Zu meiner Zeit hatte der Cyber noch nicht die Bedeutung von heute. Heute übermitteln Terroristen zum Teil chiffriert. Das ist eine ganz neue Dimension. Früher hat man den Feind physisch gesehen. Der Cyberkrieger ist unsichtbar, bis etwas passiert und es zu spät ist. Wir sprechen von hybrider Bedrohung. Der Nachrichtendienst muss darauf reagieren können. Wir sprechen nun immer nur über Terrorismus. Eine viel grössere Gefahr ist in Zukunft die Bedrohung der kritischen nationalen Infrastruktur, auch durch Hacker-Angriffe.
Warum schraubt man dann die Überwachung hoch und nicht den Schutz vor Hackern?
Man macht natürlich beides. Leider muss man aber davon ausgehen, dass der Aggressor, auch technologisch, meistens einen Vorsprung hat. Der demokratische Rechtsstaat mit seinen
Spielregeln braucht Zeit. Der Aggressor ist in der Zwischenzeit immer einen
Schritt weiter.
Das NDG fokussiert aber ausschliesslich auf Überwachung,
nicht Schutz.
Die Benutzer der Systeme müssen sich selber schützen. Dank der Aufklärung kann der NDB aber feststellen, welche neuen Technologien der Gegner verwendet.
Kritiker des NDG monieren, der Schweizer Geheimdienst will mit dem neuen Gesetz bloss zum besseren Player im Datenhandelsgeschäft werden.

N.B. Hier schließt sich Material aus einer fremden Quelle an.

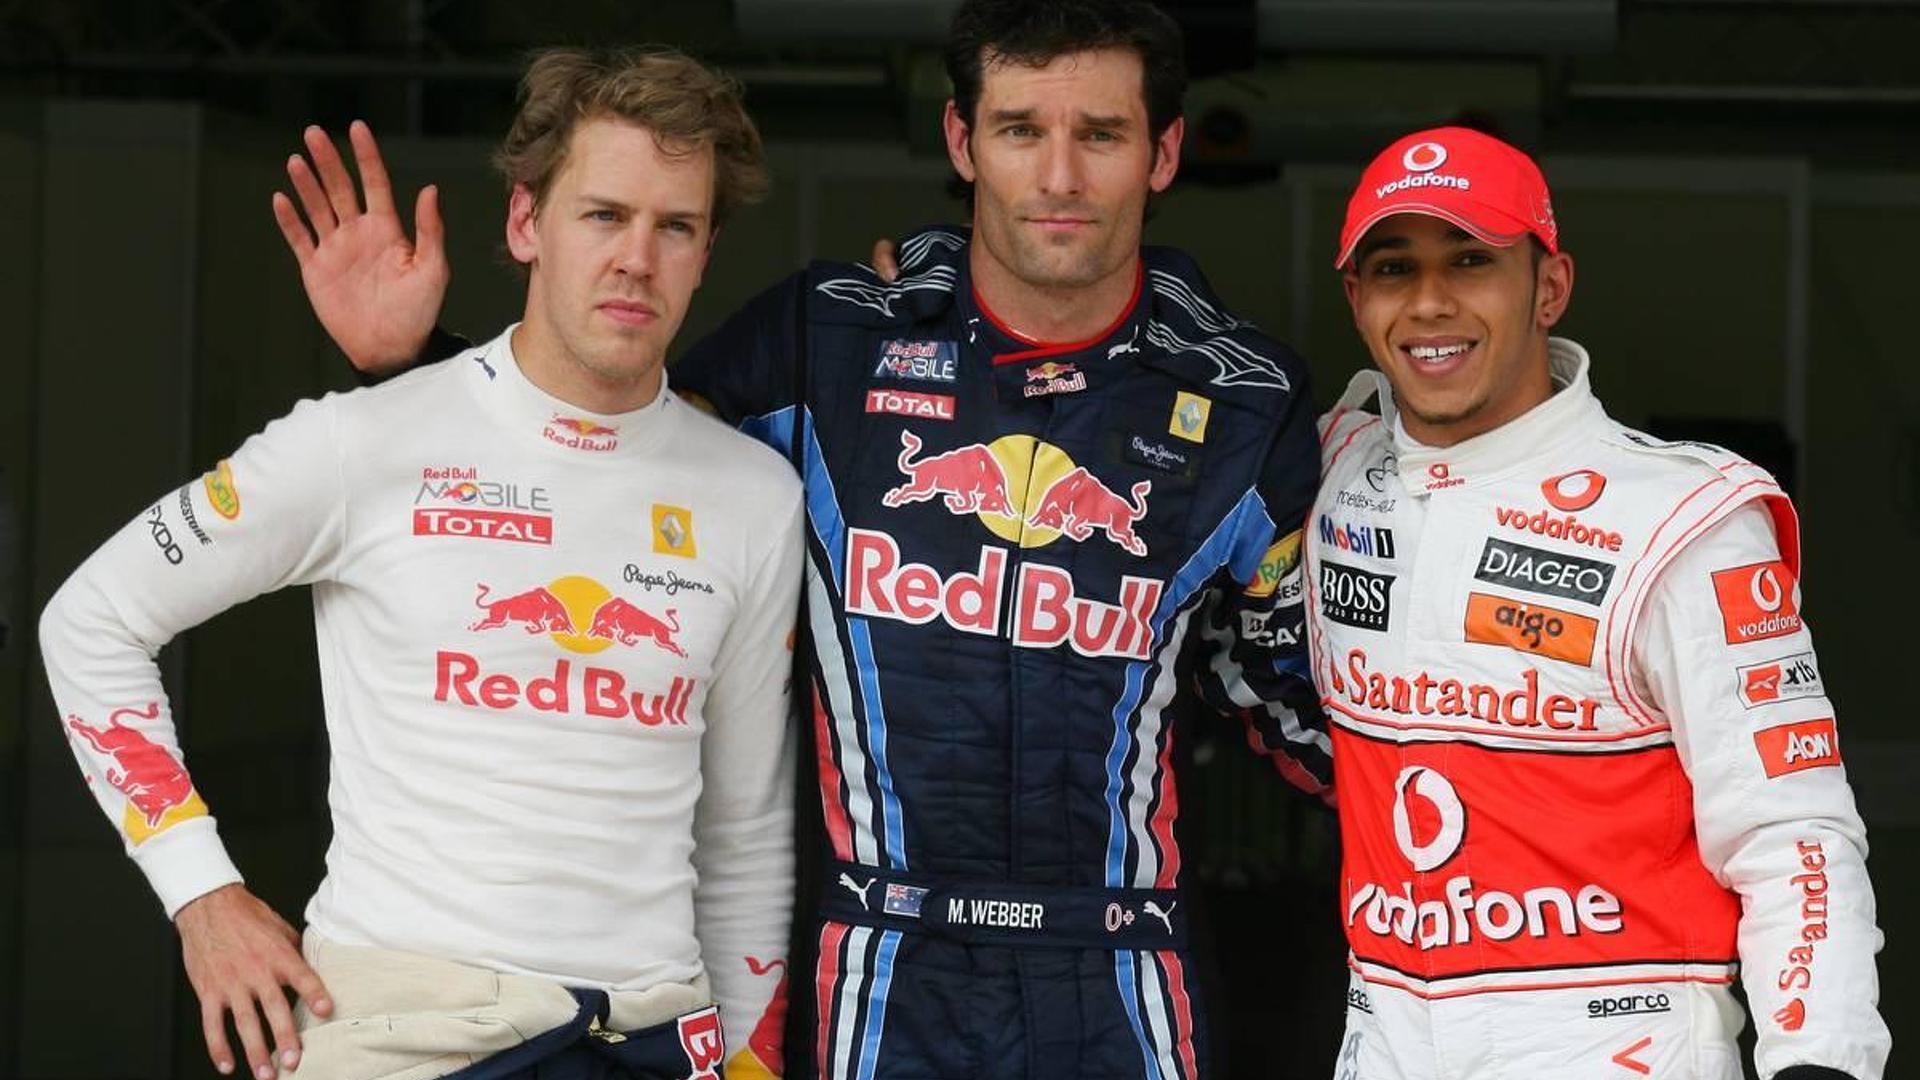 2010 Turkish Grand Prix qualifying - RESULTS
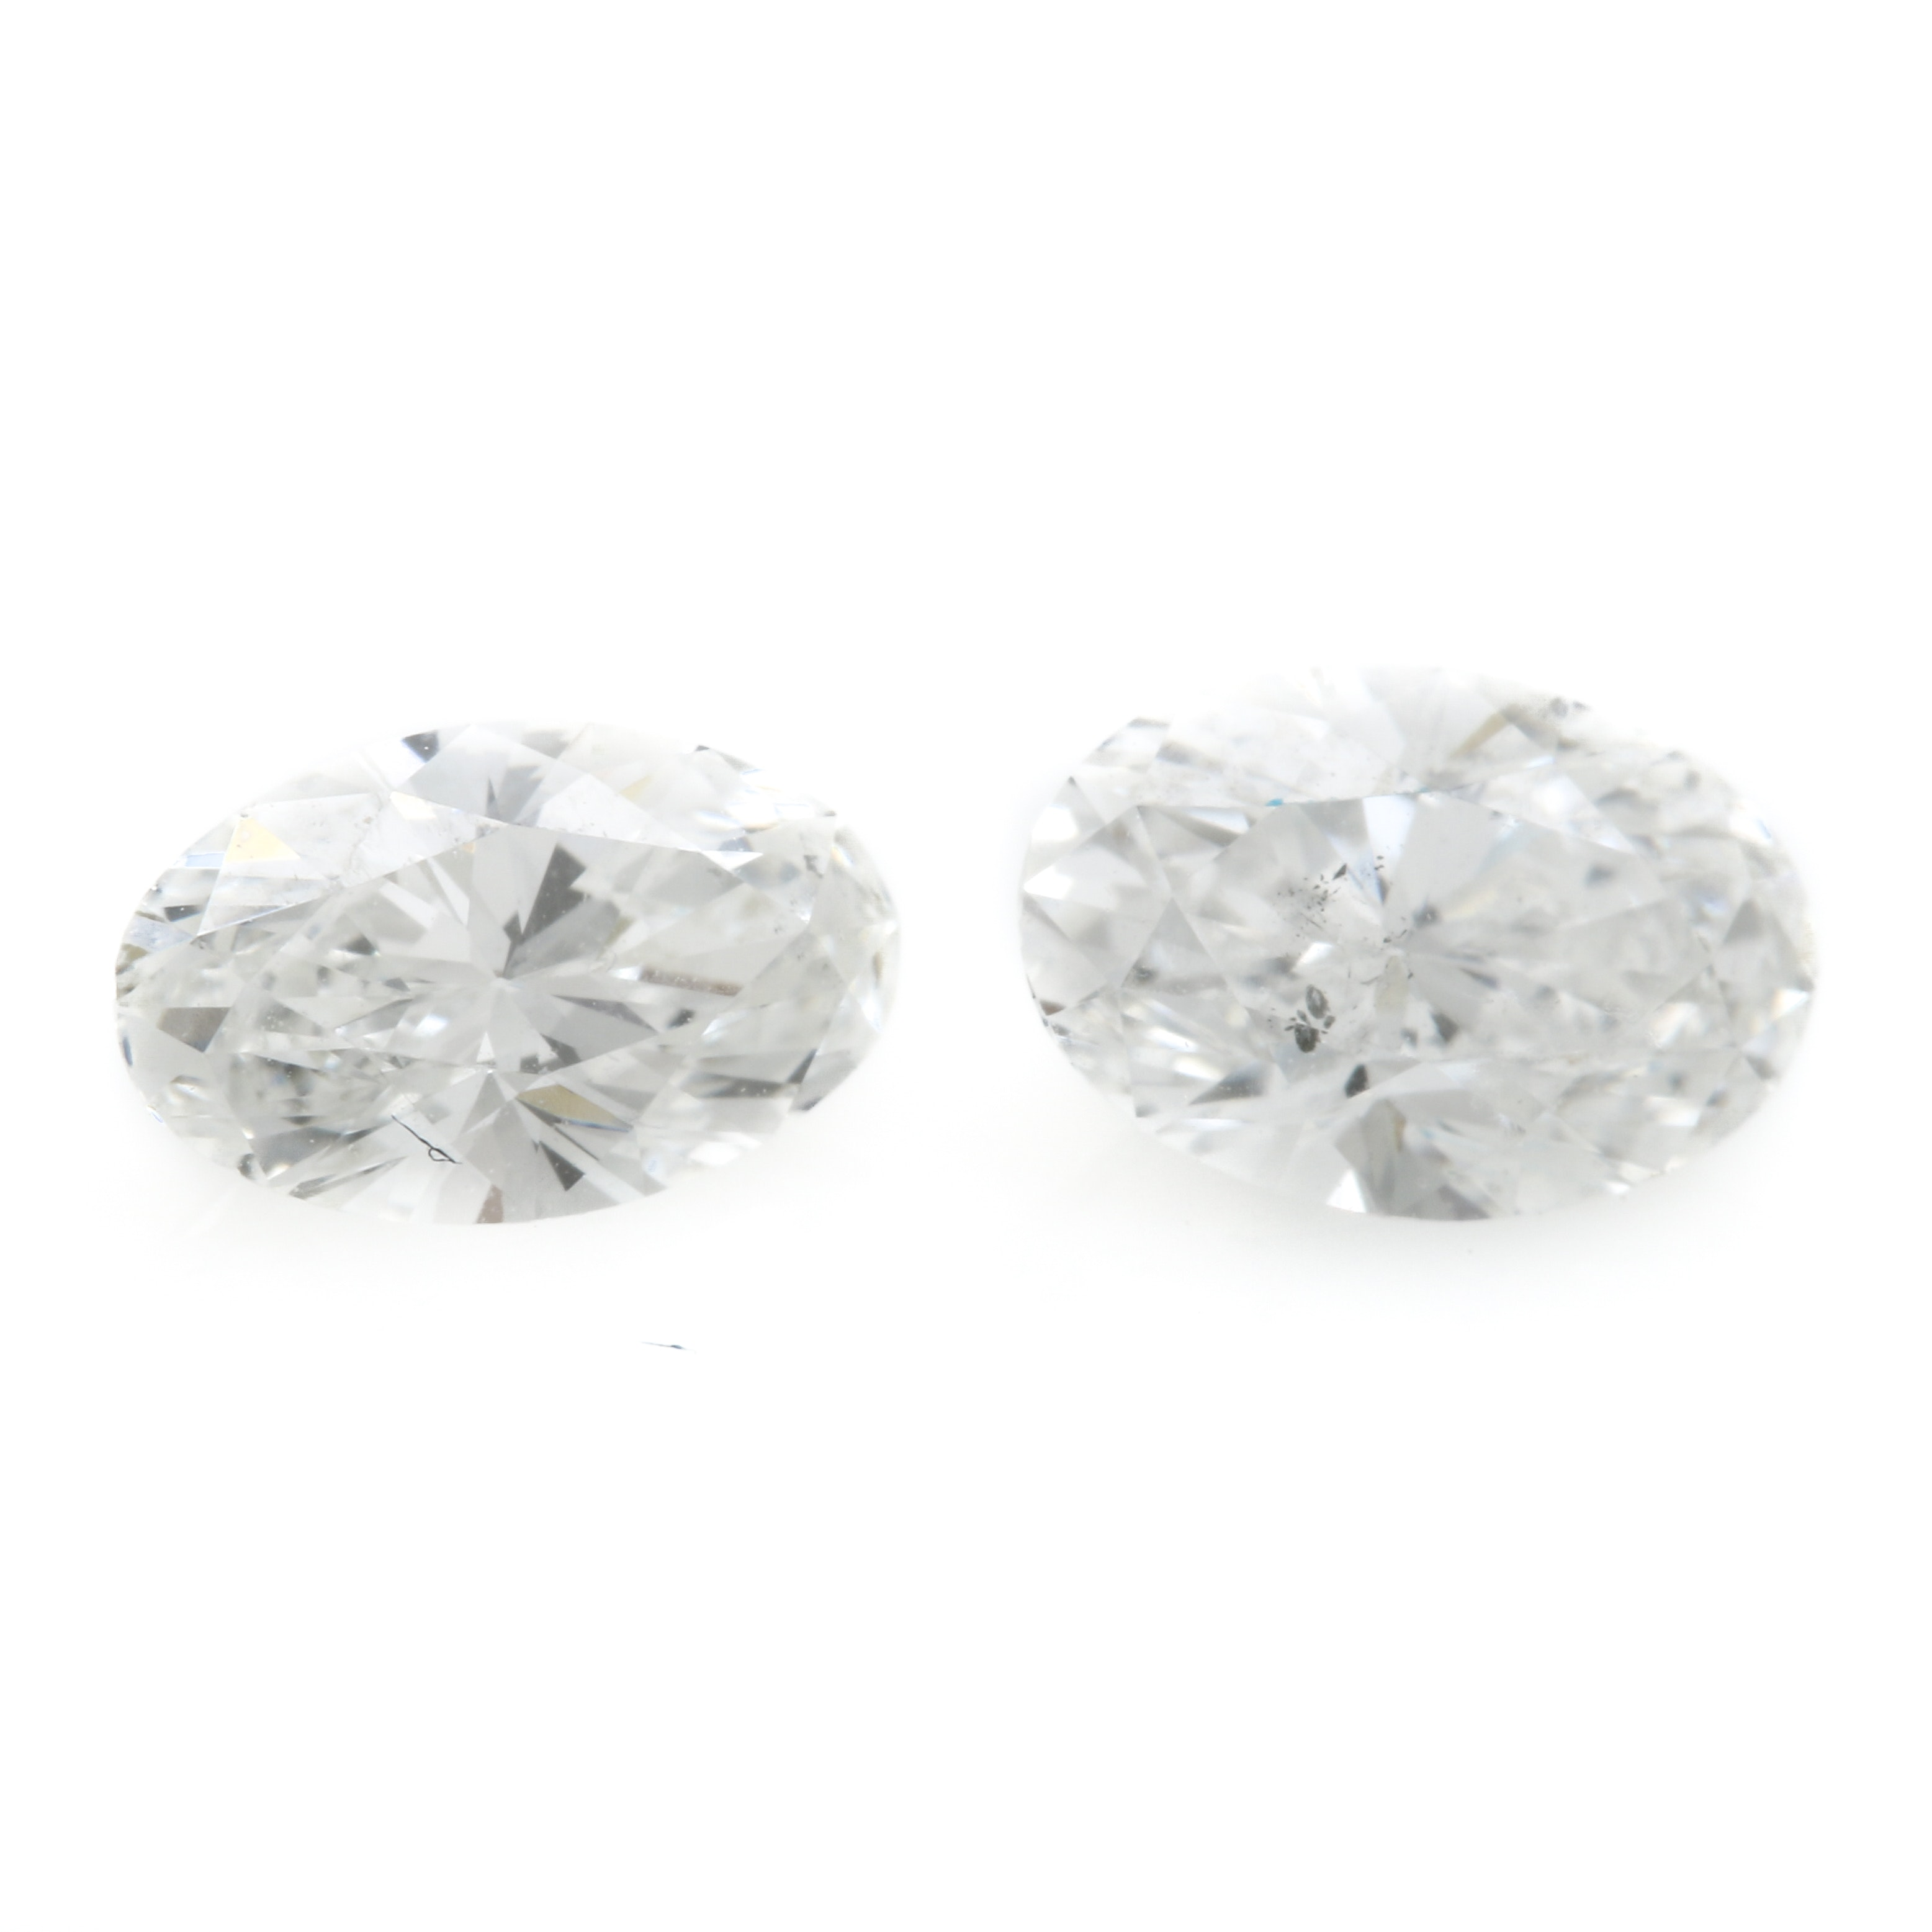 Oval Brilliant Faceted Loose Diamonds

Das ist eine undifferenzierte Kritik. Wir haben immer von den Informationen ausländischer Geheimdienste profitiert. Diese haben dafür unsere neutralen, eigenständigen Lagebeurteilungen geschätzt. Wenn die ausländischen Partnerdienste heute merken, dass die Schweiz bezüglich Überwachung ein Vakuum darstellt, wo auch Terroristen sich verstecken könnten, werden sie ganz einfach selber aktiv. Das wollen wir, als souveräner Staat, vermeiden.
So ist es doch heute schon. Die Schweiz liefert Steuersünder ans Messer, das Ausland uns dafür Informationen über mutmassliche Terroristen. Wir müssen nicht auch noch selber unsere Bürger überwachen.
Ganz so einfach läuft es nicht. Wollen Sie, dass das ausländische Geheimdienste sind oder unser eigener? Wir müssen und wollen uns selber um unsere innere Sicherheit kümmern.